▶ **Work instructions**
Would you transcribe the records below from the line with "Rotes Podium auf" to the line with "Burberry - Vintage Check Bum Bag | HBX", ends included, exactly and with nothing more, leaving the pictures out?

(Beginning of Listed entries)

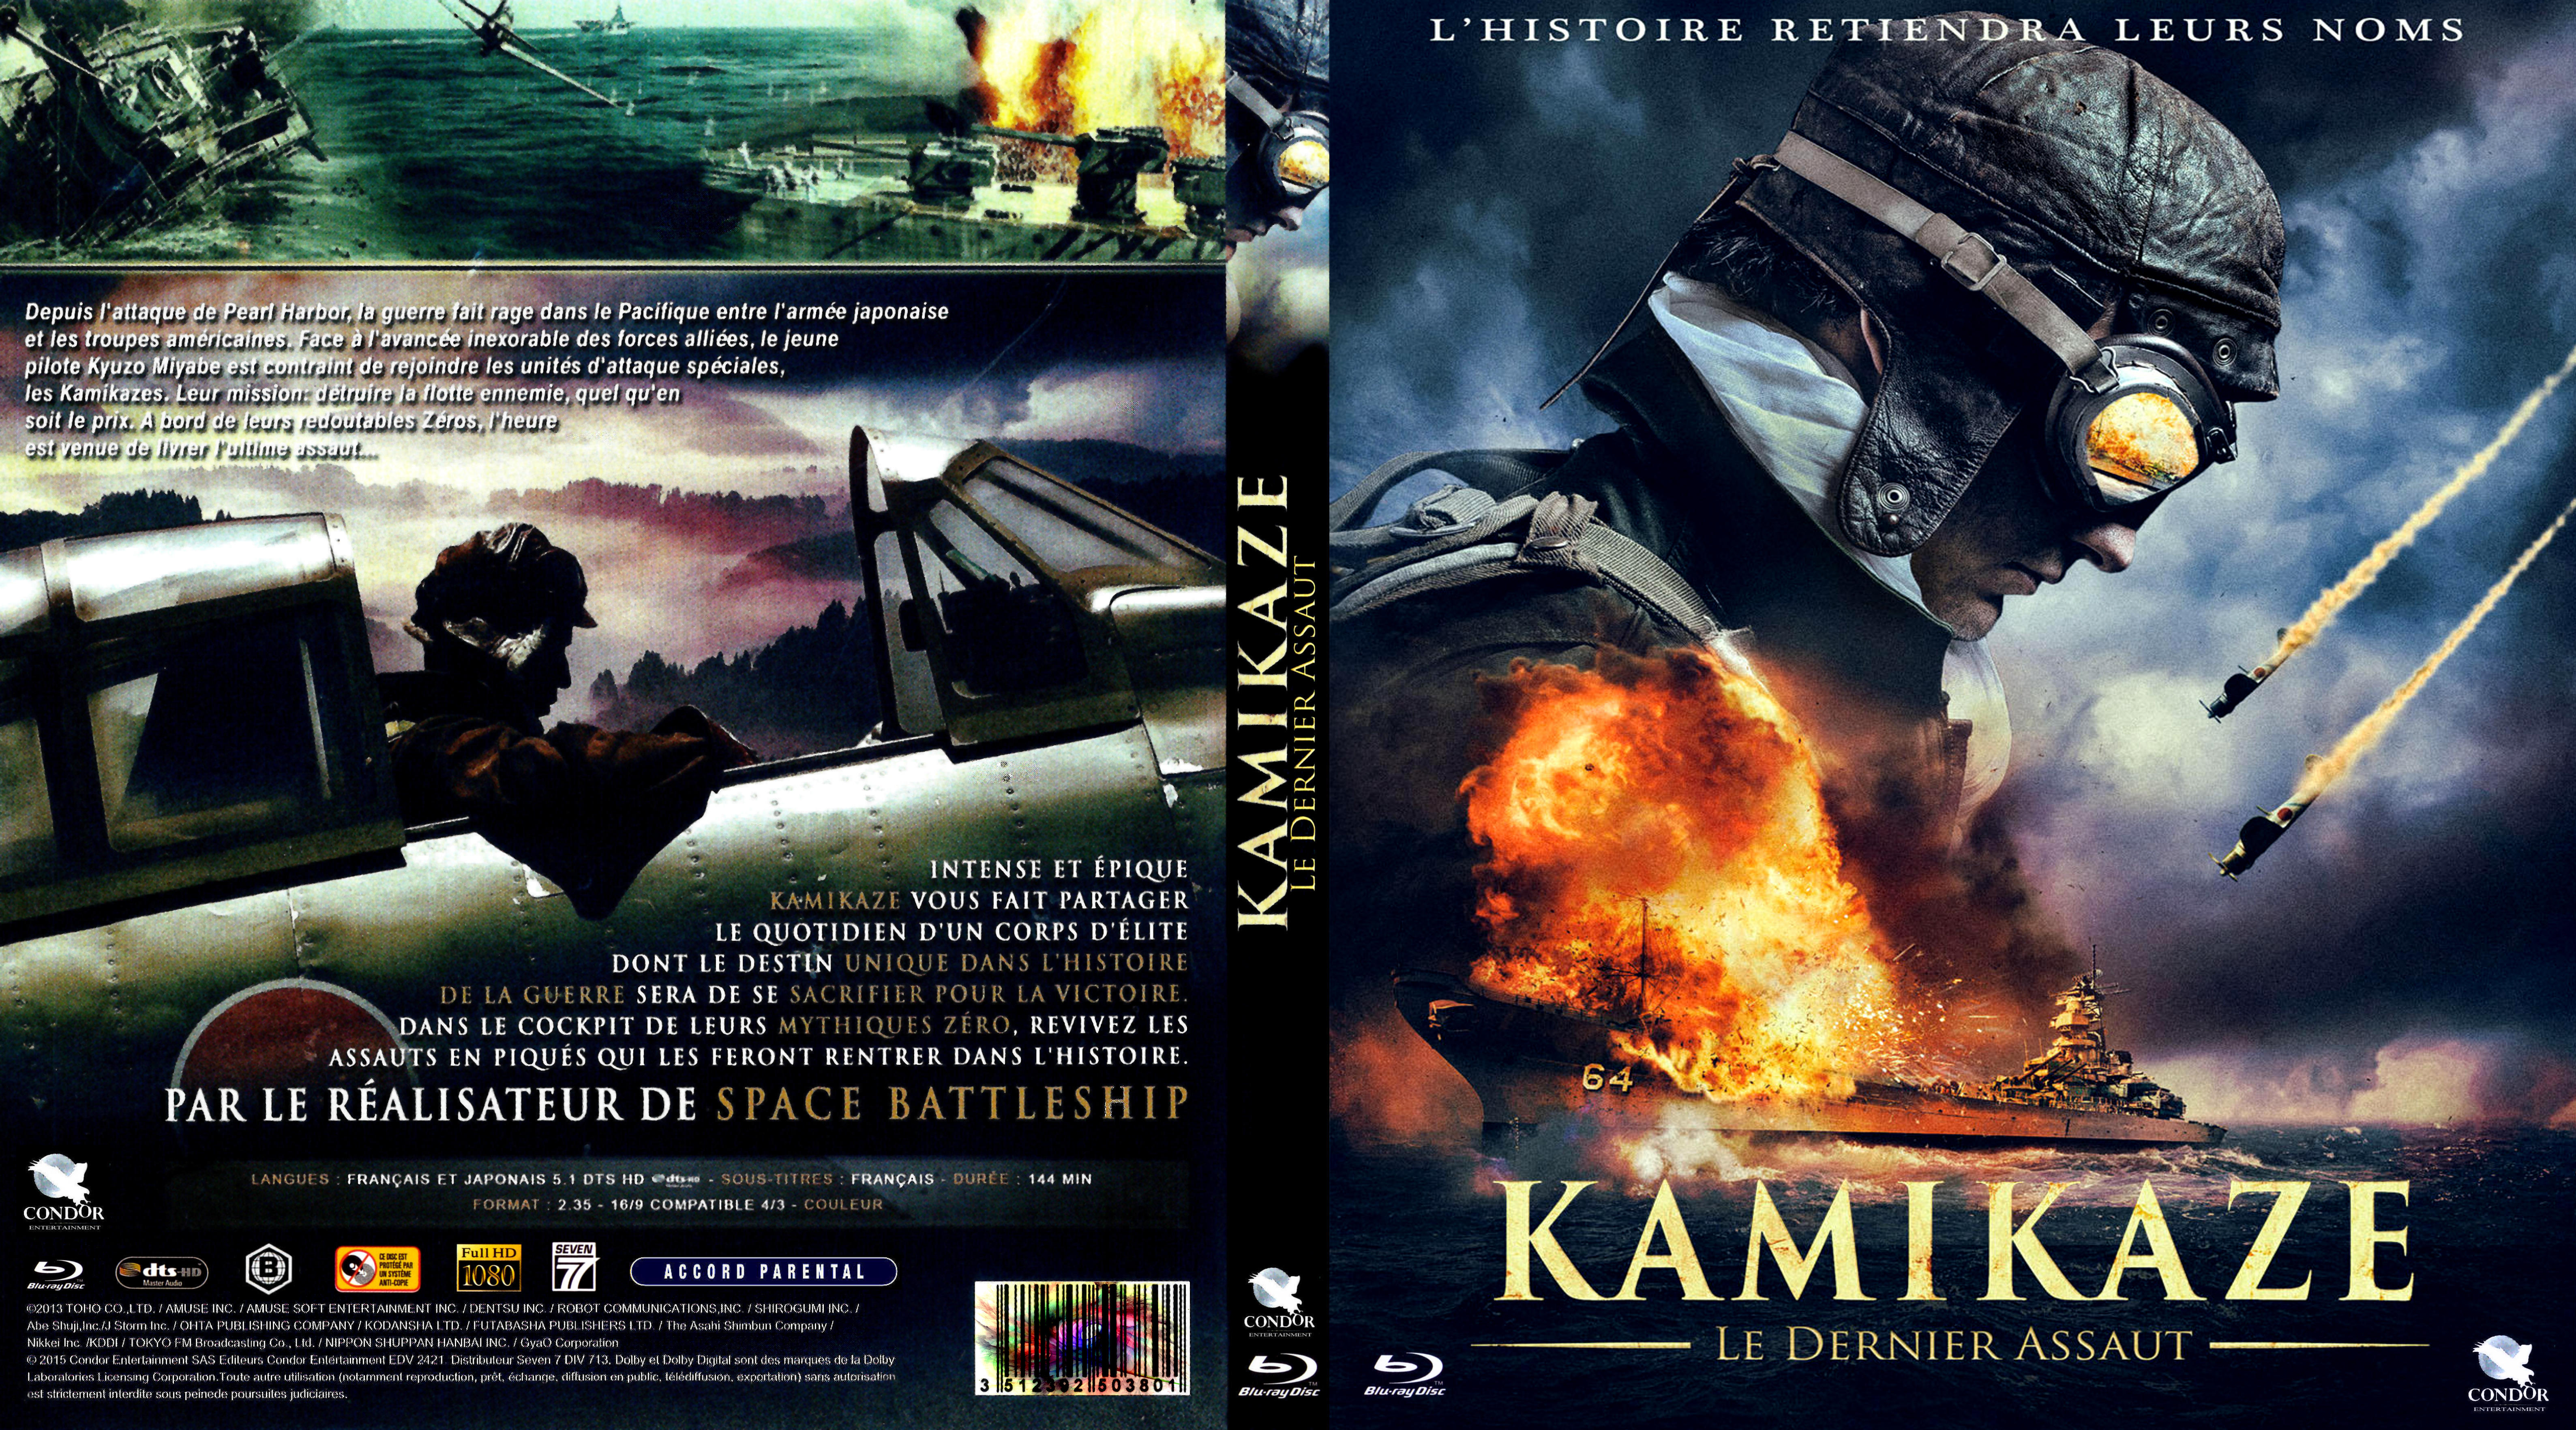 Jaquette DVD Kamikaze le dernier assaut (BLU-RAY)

(End of Listed entries)
(Beginning of Listed entries)

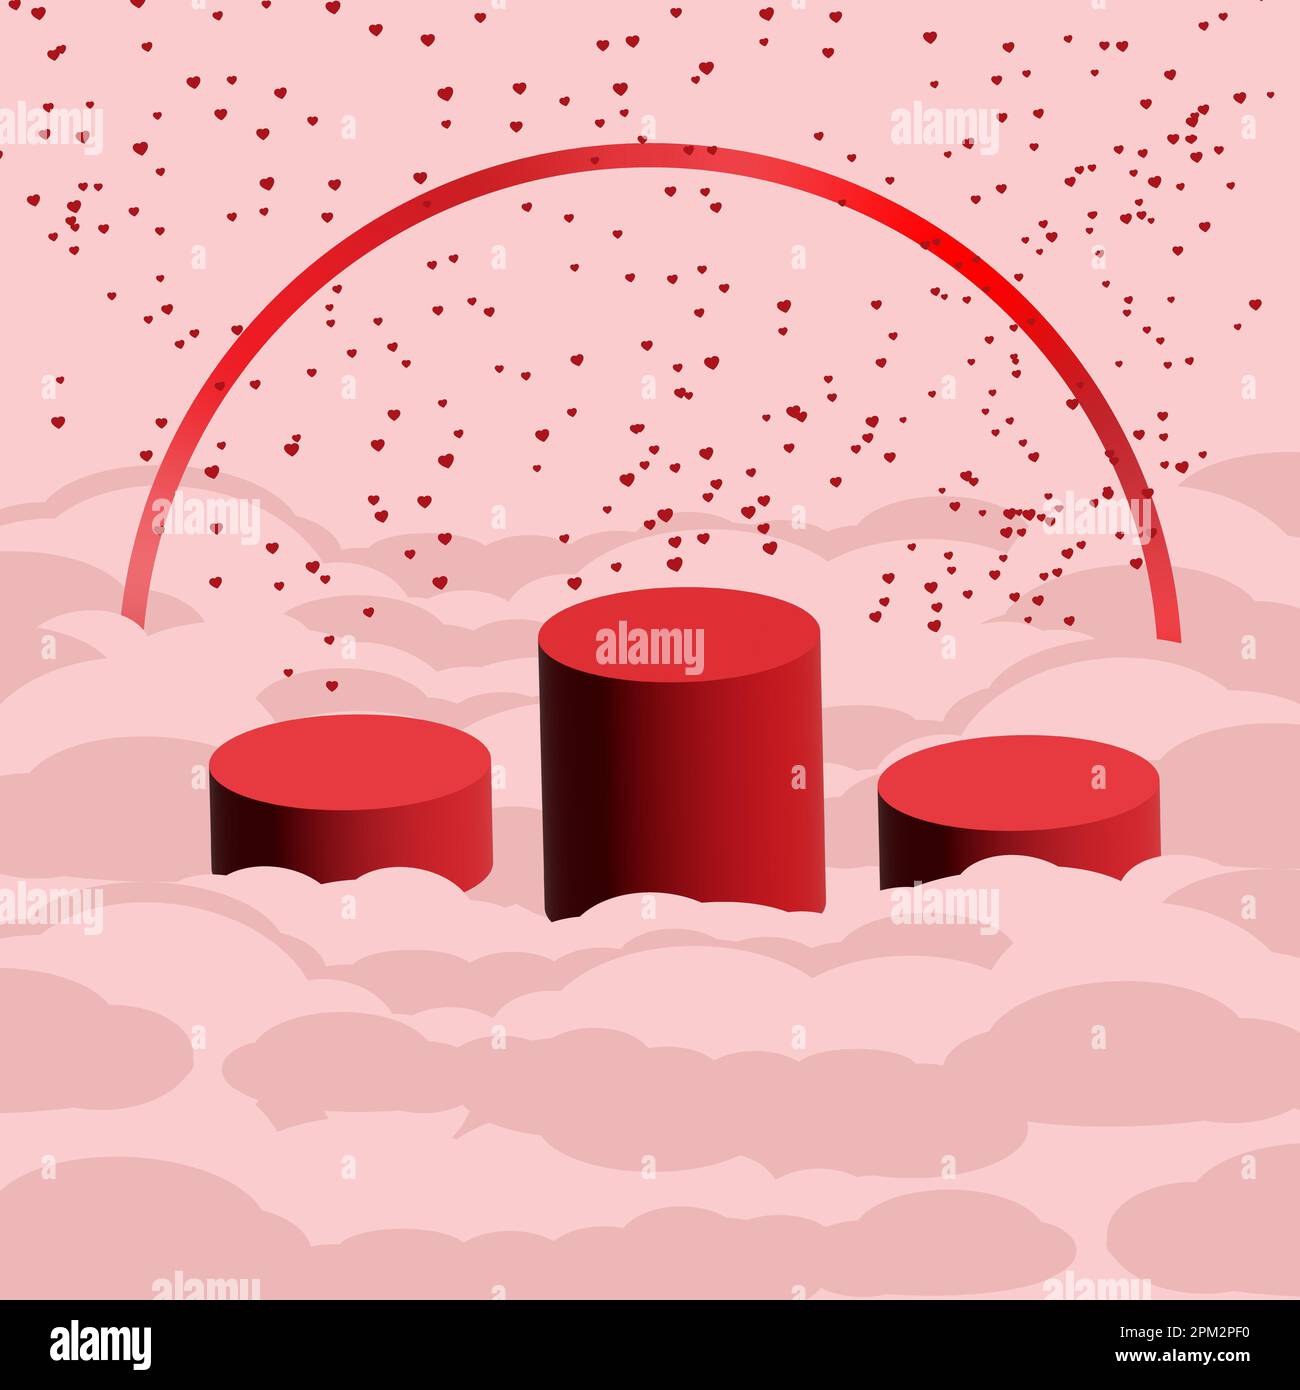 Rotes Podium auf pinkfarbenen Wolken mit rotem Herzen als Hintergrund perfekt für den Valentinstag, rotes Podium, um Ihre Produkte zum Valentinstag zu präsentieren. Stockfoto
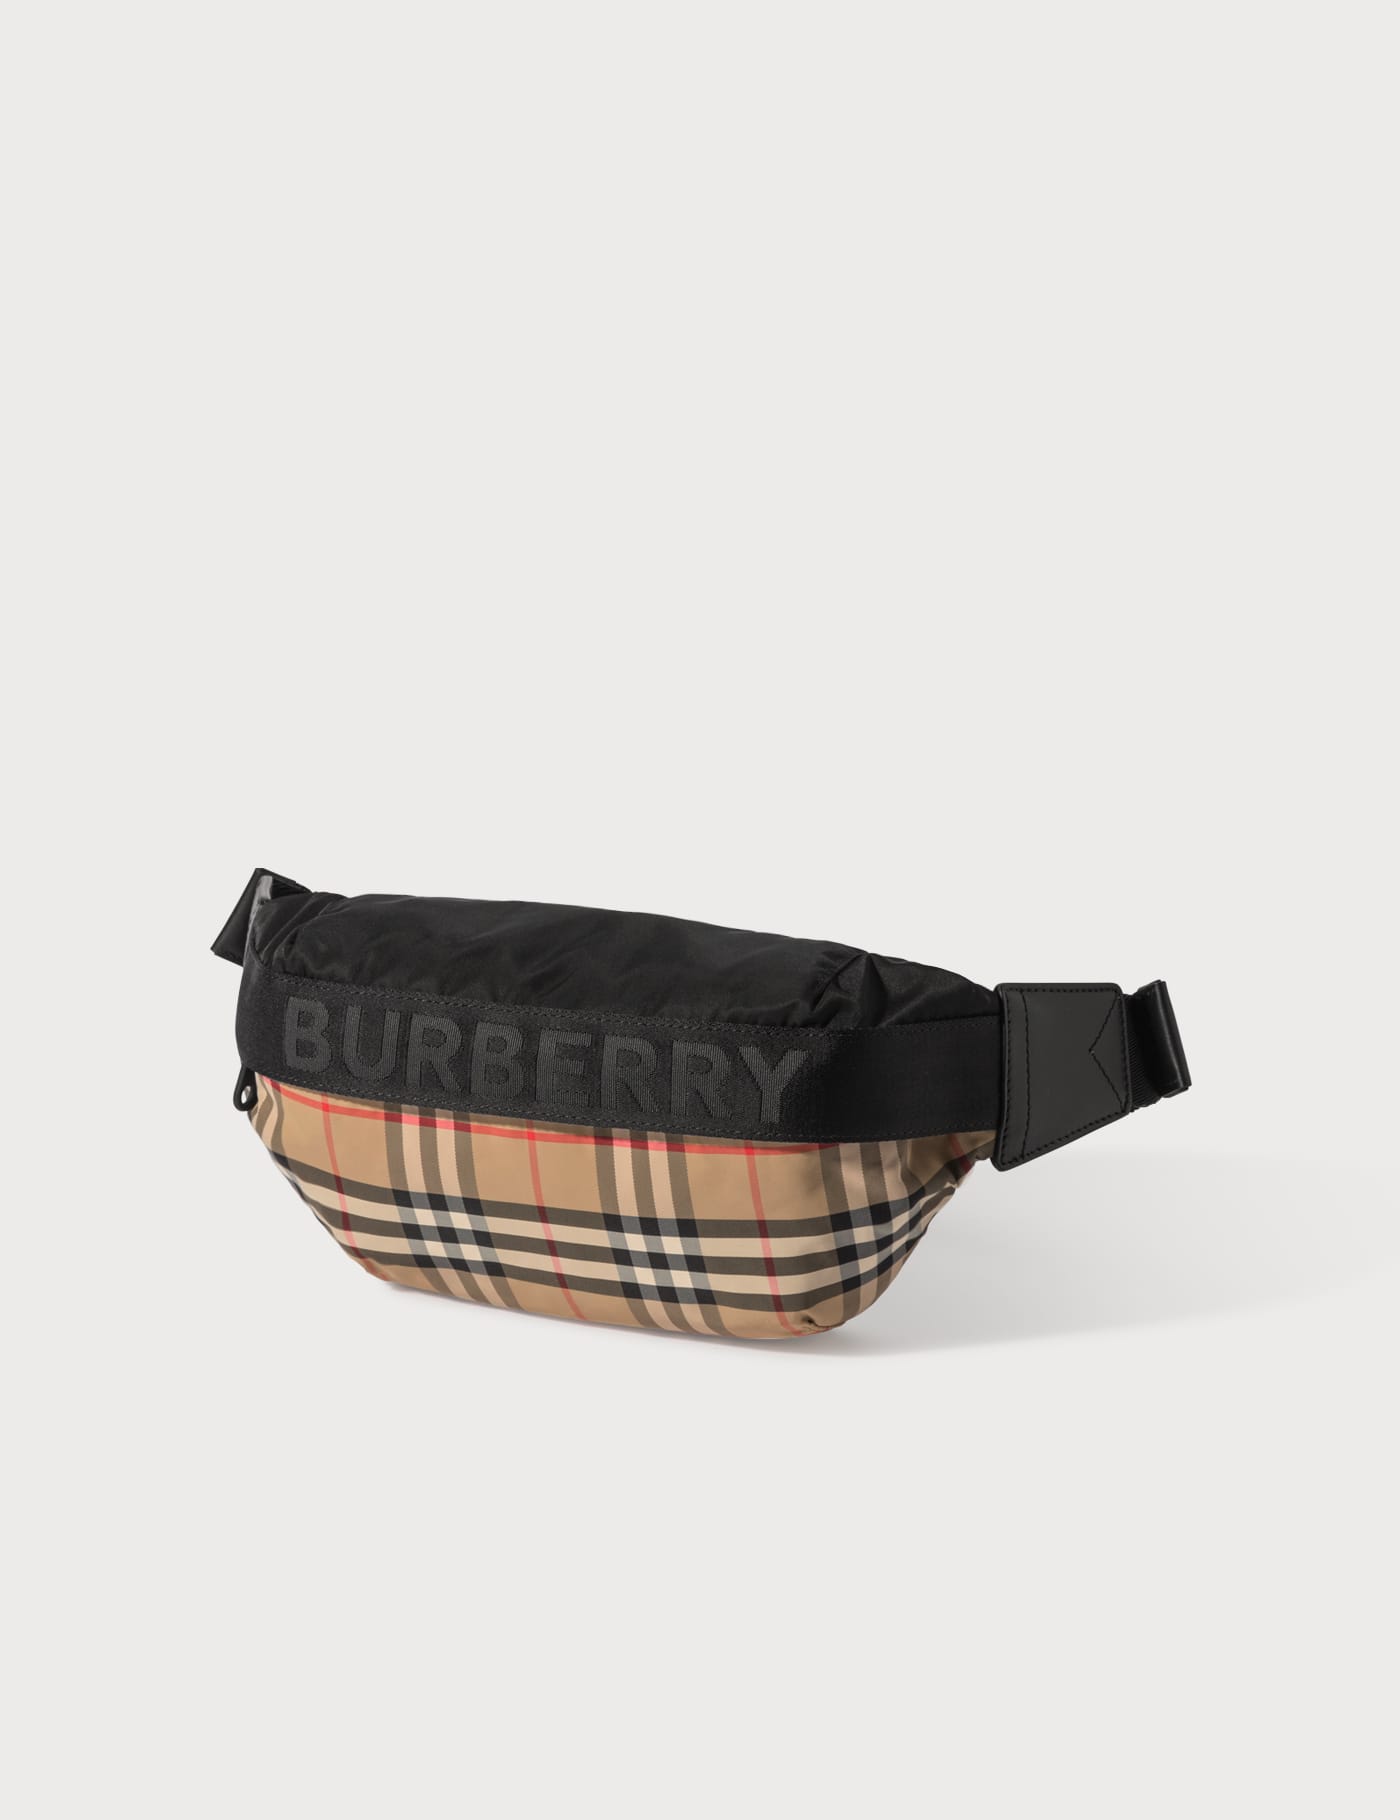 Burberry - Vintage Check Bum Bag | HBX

(End of Listed entries)
(Beginning of Listed entries)

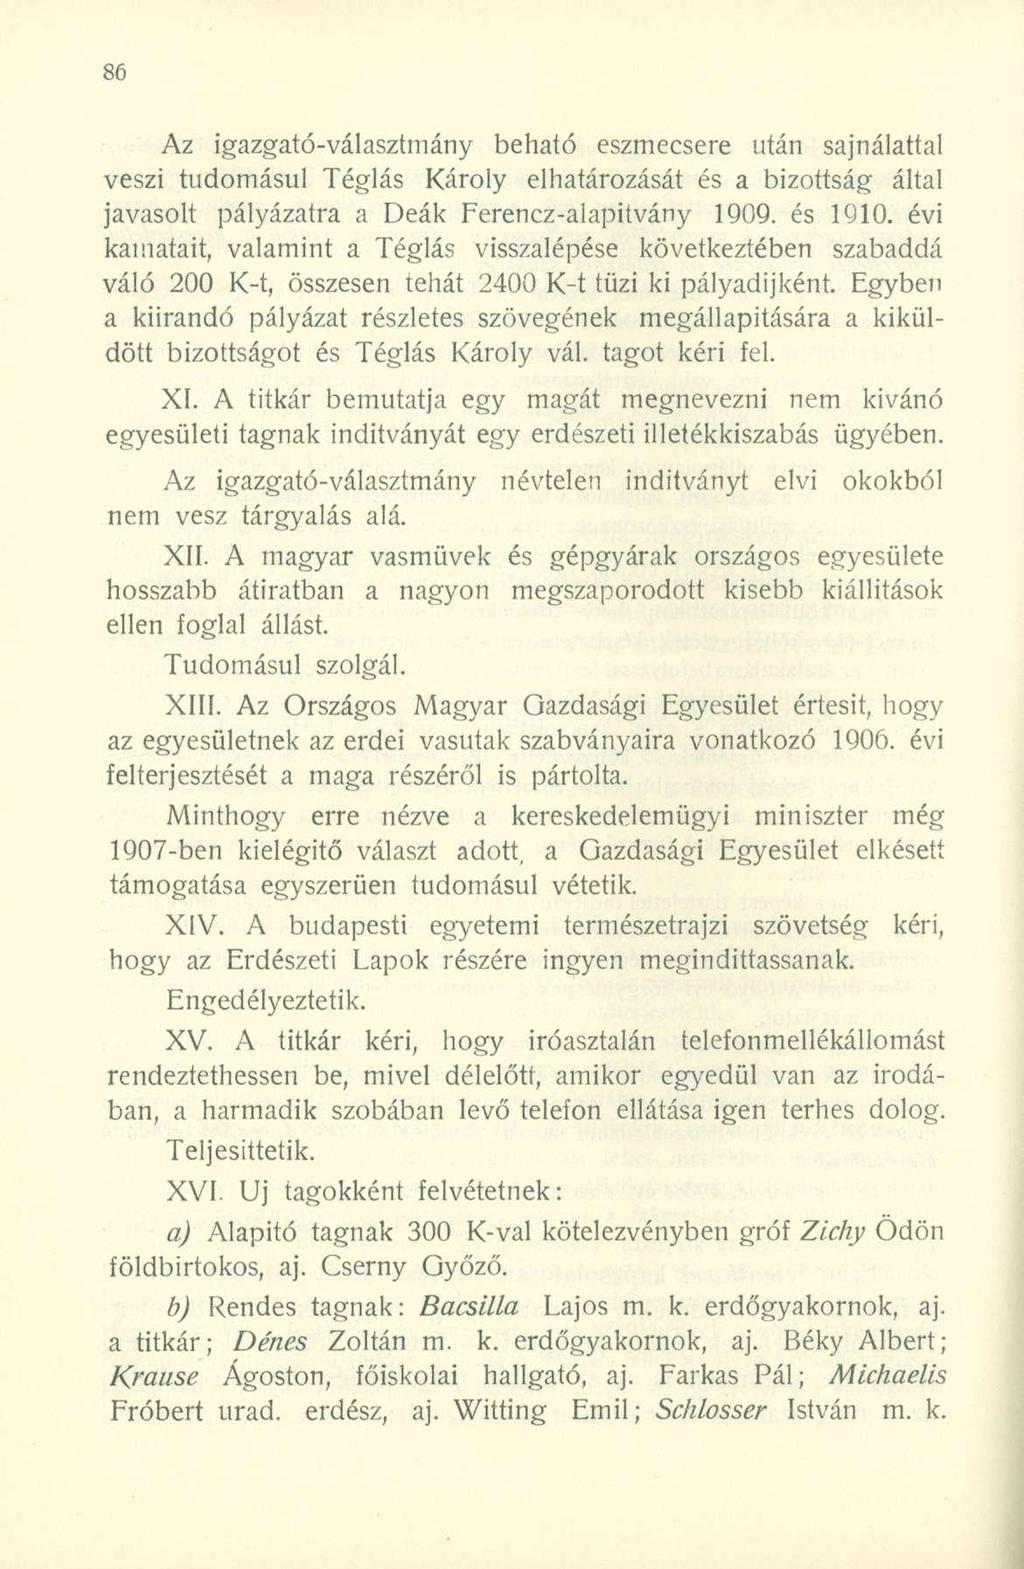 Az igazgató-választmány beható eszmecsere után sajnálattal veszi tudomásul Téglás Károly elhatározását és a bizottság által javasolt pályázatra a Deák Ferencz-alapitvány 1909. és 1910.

(End of Listed entries)

▶ **The answer**
 Rotes Podium auf pinkfarbenen Wolken mit rotem Herzen als Hintergrund perfekt für den Valentinstag, rotes Podium, um Ihre Produkte zum Valentinstag zu präsentieren. Stockfoto
 Burberry - Vintage Check Bum Bag | HBX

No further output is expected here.